Clinical Trial Summary

The purpose of this 12-week study was to assess in subjects with chronic hepatitis C (treatment-naïve, genotype 1) receiving weight-based doses of ribavirin the early virologic response to the 480 ug dose level of Locteron™, dosed every 2 weeks, in comparison with 1.5 ug/kg PEG-Intron™ dosed weekly.

Description:

The aim of the 480 STUDY was to compare efficacy and safety of 480ug Locteron dosed every other week to 1.5 ug/kg PegIntron dosed weekly in treatment-naïve genotype-1 chronic HCV subjects treated with weight-based ribavirin. This 12-week study was comprised of two panels (Panel A and Panel B). The designs of both panels were identical. HCV RNA was measured weekly for three weeks and then every other week. Adverse events including flu-like events and depression were collected during weekly clinic visits for 12 weeks. Flu-like events were also collected daily for 12 weeks by subject self-report using the internet (ePRO). Beck Depression Inventory (BDI) and Short Form-36 scores were measured at baseline and monthly through Week 12.

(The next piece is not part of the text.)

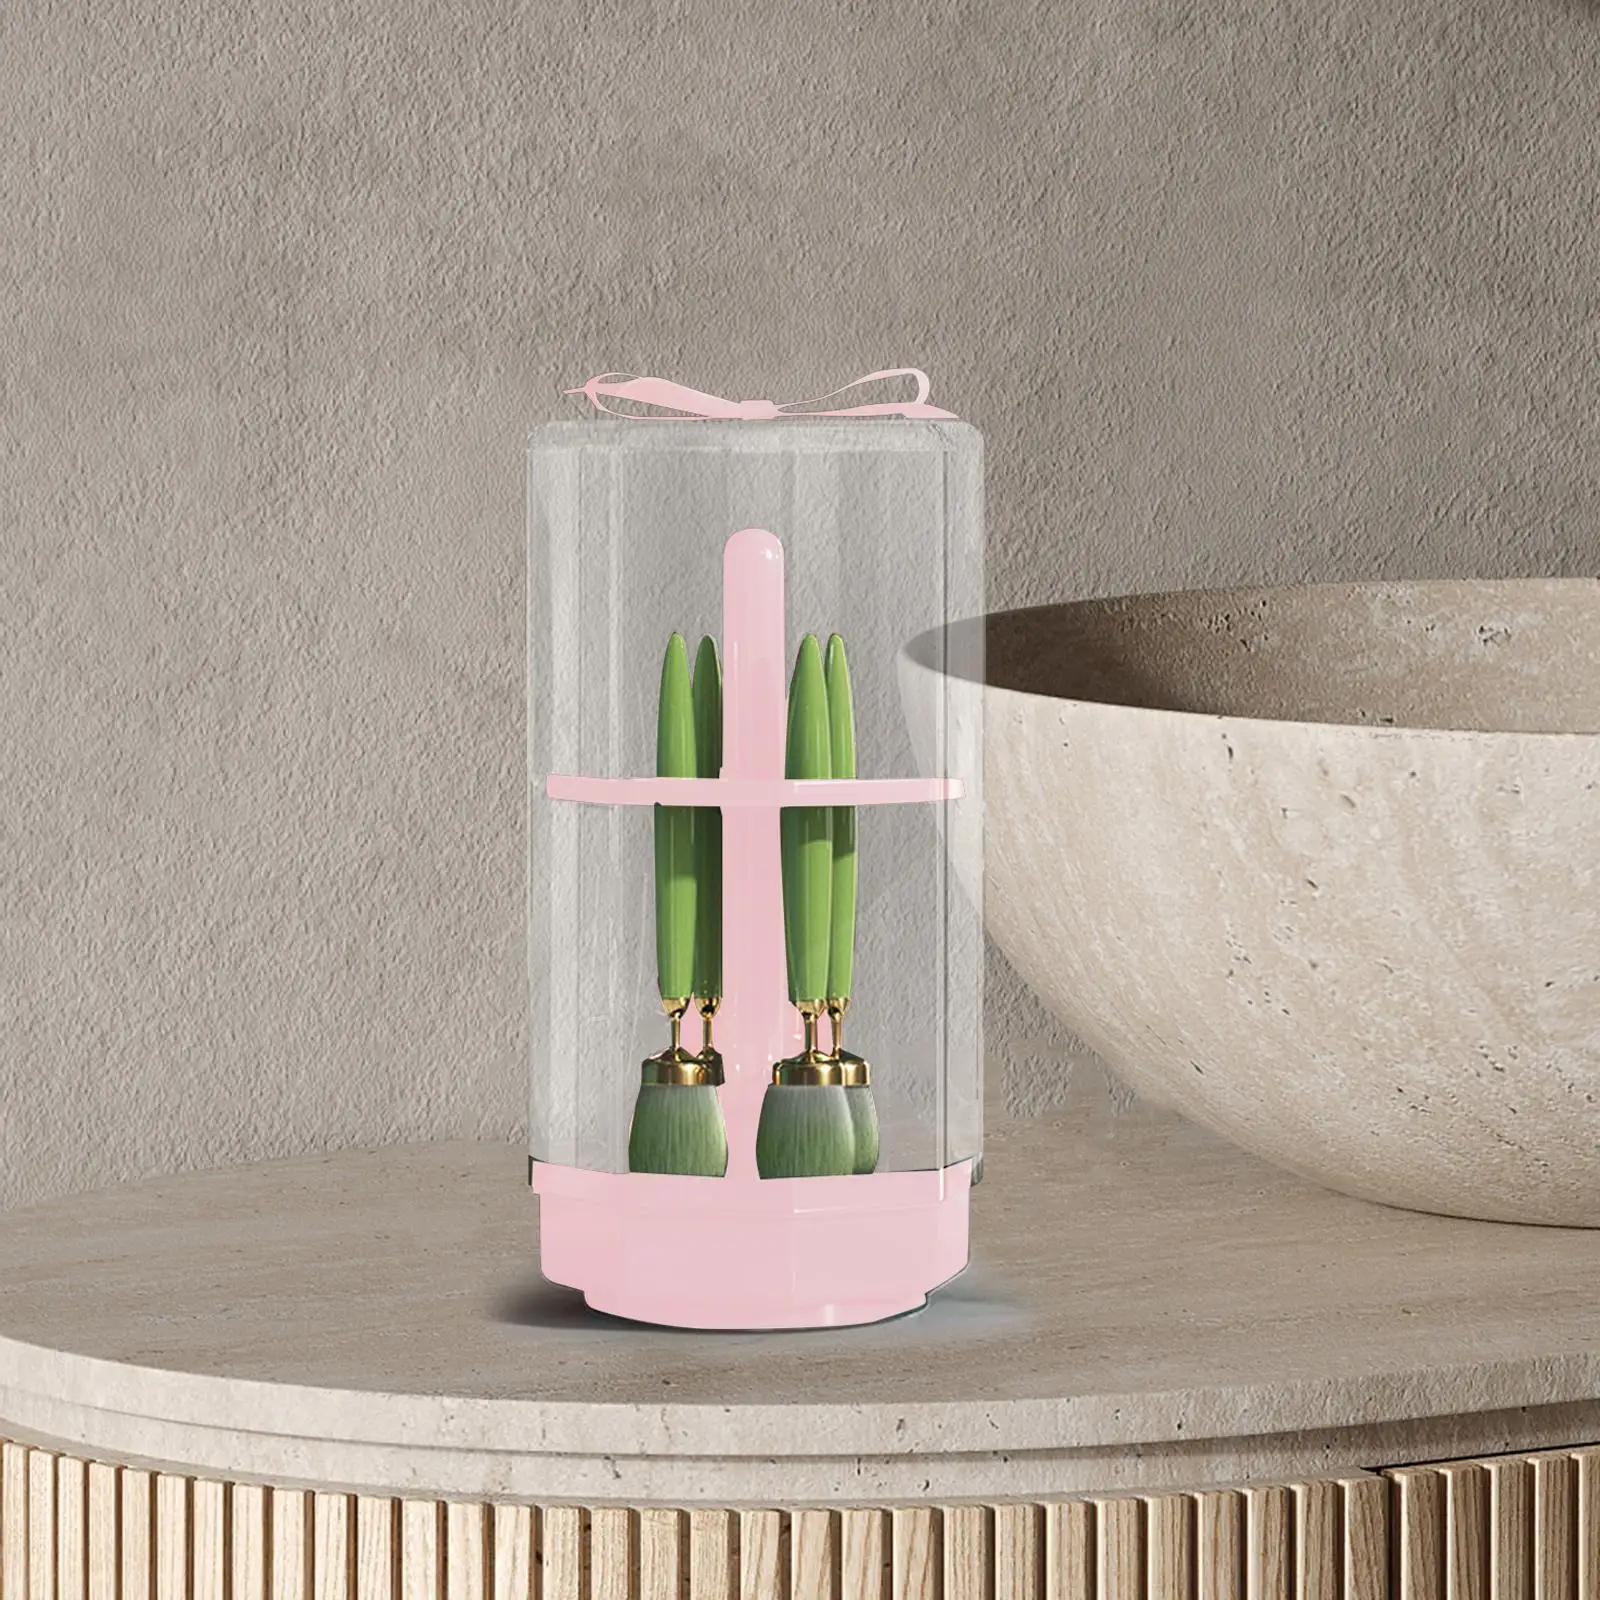 Dustproof Makeup Brush Drying Rack with Cover Anti Slip Professional Storage Container Brush Holder for Vanity Table Bathroom

In Panel A of 480 STUDY, 42 treatment-naïve subjects with chronic genotype-1 HCV in Bulgaria and Romania were randomized and dosed with either Locteron q2weeks or weekly PegIntron, both in combination with weight-based ribavirin (13). In Panel A, 19 subjects received 480ug Locteron and 23 subjects received PegIntron.

In Panel B of 480 STUDY, 32 treatment-naïve subjects with genotype-1 HCV in Israel were randomized and dosed with either Locteron q2weeks or weekly PegIntron, both in combination with weight-based ribavirin (13). In Panel B, 16 subjects received 480ug Locteron and 16 subjects received PegIntron.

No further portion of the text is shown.